Нужно сказать, что мадам Симона была шлюхой и мужчиной. Вернее, если уж излагать все по порядку, – в первую очередь мужчиной, а потом уже шлюхой. Сейчас объясню. В детстве мадам Симону звали Жюлем. Этот Жюль считал себя жертвой непоправимой ошибки природы: он родился мальчиком и тело у него было как у мальчика, но при этом в душе считал себя девочкой. Однако, вопреки его вкусам и чисто женским повадкам, Жюля вынудили вести себя по-мужски: запретили носить юбки, отрезали волосы, которые он хотел заплетать в косы, заставили говорить низким мужским голосом, а от первого лица прошедшего времени – в мужском роде; затем, поскольку он всему этому сопротивлялся, стали наказывать, осмеивать и оскорблять, короче, бороться с его врожденными качествами.

И хотя Жюль в душе продолжал считать себя девочкой, эта война не прекращалась. Лишь его тетка Симона, крайне эксцентричная особа, презираемая остальной родней, как раз и поощряла все его выверты, когда он гостил у нее. После двадцати лет борьбы с родителями, братьями, сестрами, товарищами, соседями и преподавателями Жюль покинул родной город Люсон.
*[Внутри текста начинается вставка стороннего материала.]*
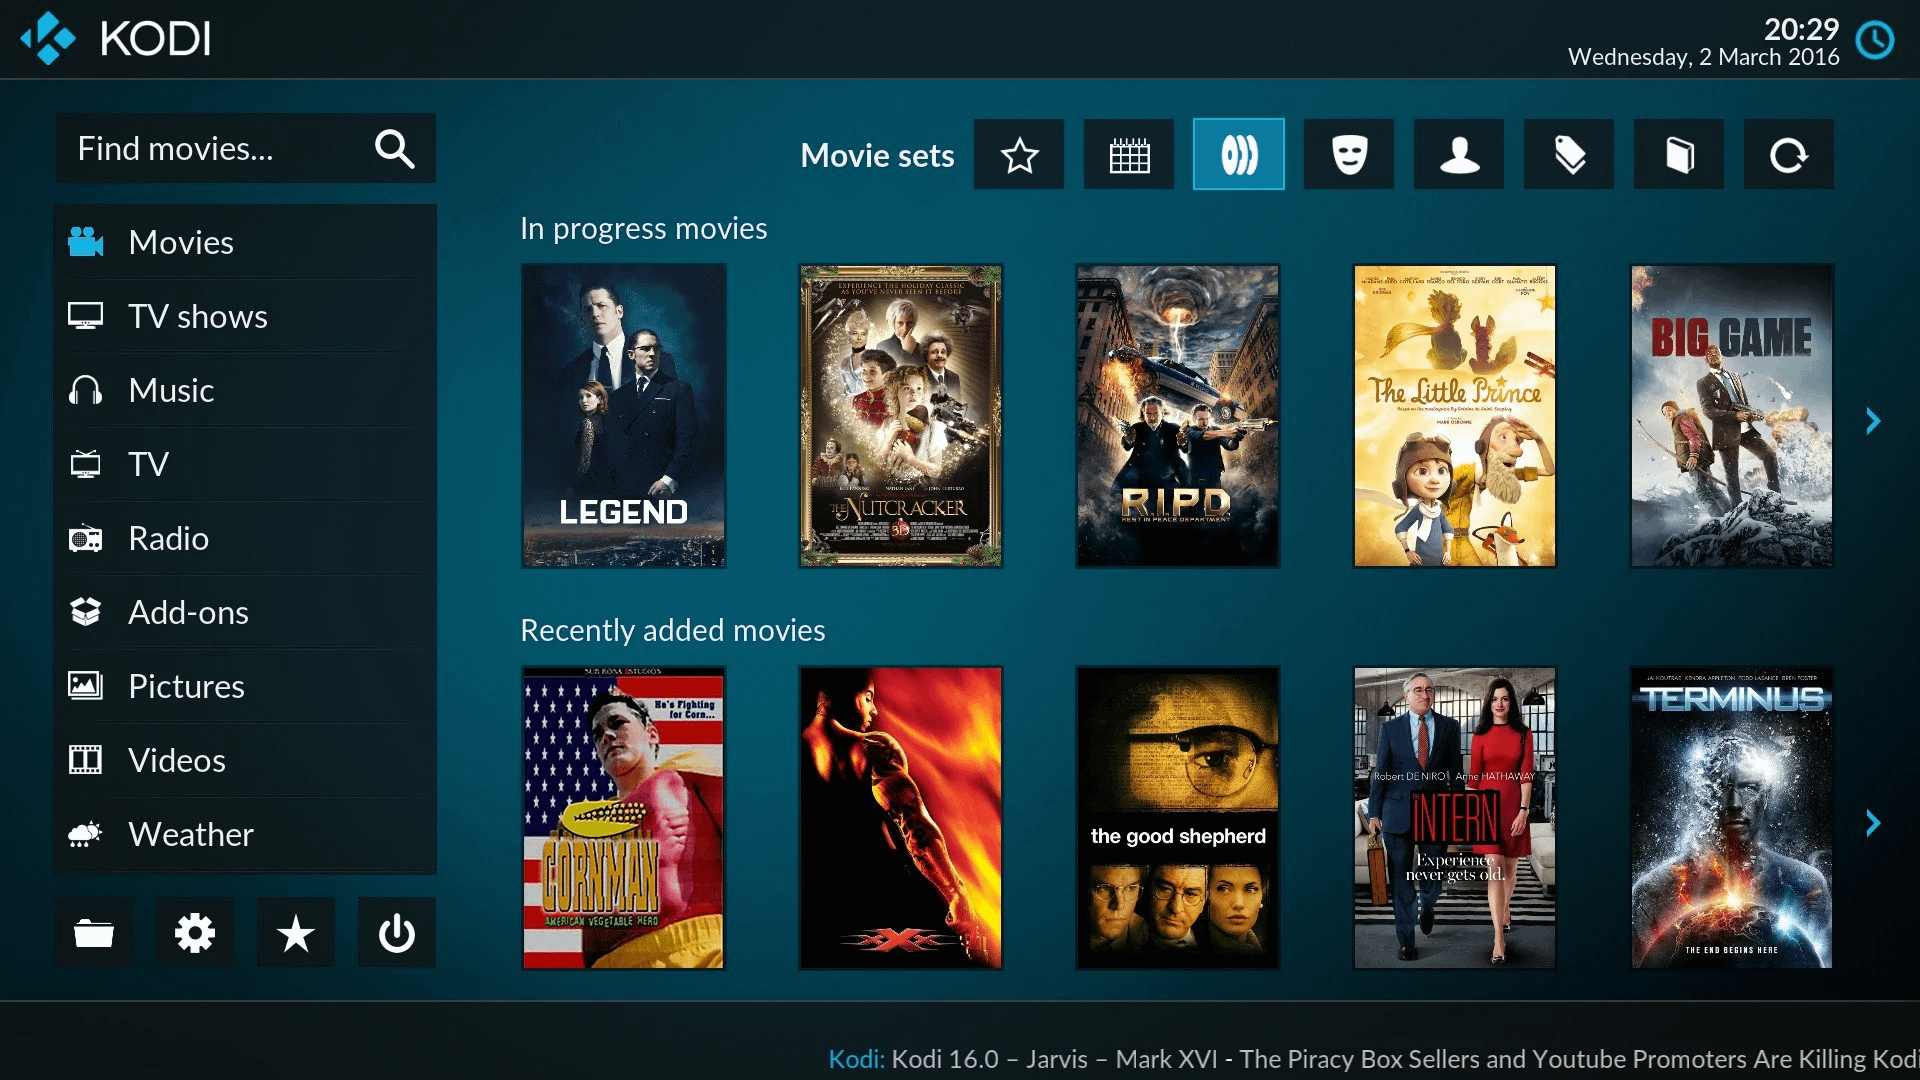 Kodi interface showing various movie titles.

Оказавшись в Париже, он переименовал себя в Симону, нарядился, причесался и накрасился так, как давно мечтал, и больше никогда не виделся с людьми из своего прошлого.

Можно было бы радоваться тому, что на этом благополучном повороте неприятности и закончились. Увы, подлинная трагедия была впереди.

…Мадам Симона приняла облик женщины, но от этого отнюдь не стала красивее. И в мужском, и в женском варианте она как была, так и осталась уродиной. Ее лицо с топорными чертами портила вдобавок асимметрия, редкие волосенки уныло свисали с макушки, зато на щеках к середине дня проступала мощная растительность, вынуждавшая мадам Симону к двоекратному каждодневному бритью. Что же касается ее туловища, то оно напоминало закрытый чемодан. И лишь ее щиколотки отличались некоторым изяществом («какая жалость, – говорила Мама, – что у нее их только две!»). Словом, у мадам Симоны не было никаких шансов найти себе жениха и вдобавок не хватало денег, чтобы исправить хирургическим способом ошибки природы. Тем более что ей упорно отказывали в праве на заработок. Как только хозяин, желающий взять ее на работу, обнаруживал, что его будущая секретарша, согласно официальному статусу, зовется Жюлем, он грозно хмурился, еще раз внимательно оглядывал соискательницу, замечал щетину, вылезавшую наружу к трем часам дня сквозь слой убогой косметики, и, тревожась за собственное спокойствие, а также за возможную реакцию своего персонала, делал выбор в пользу другой кандидатки. То же самое с местом кассирши. То же самое с должностью в администрации. То же самое во всех других местах. Мадам Симона наводила страх на людей! Вначале она легко отнеслась к этому препятствию и, по словам Мамы, «сидела на хлебе и воде» – выражение, которое в раннем детстве я понимал буквально, представляя, как мадам Симона восседает на буханке хлеба или в корыте с водой. На самом же деле Мама имела в виду, что мадам Симона предпочла голодать, лишь бы завершить свое образование и получить диплом бухгалтера – второе амбициозное желание после стремления стать женщиной. Увы! Хотя она и получила желанный диплом, ни один патрон не пожелал взять ее на работу – по тем же причинам, что были изложены выше.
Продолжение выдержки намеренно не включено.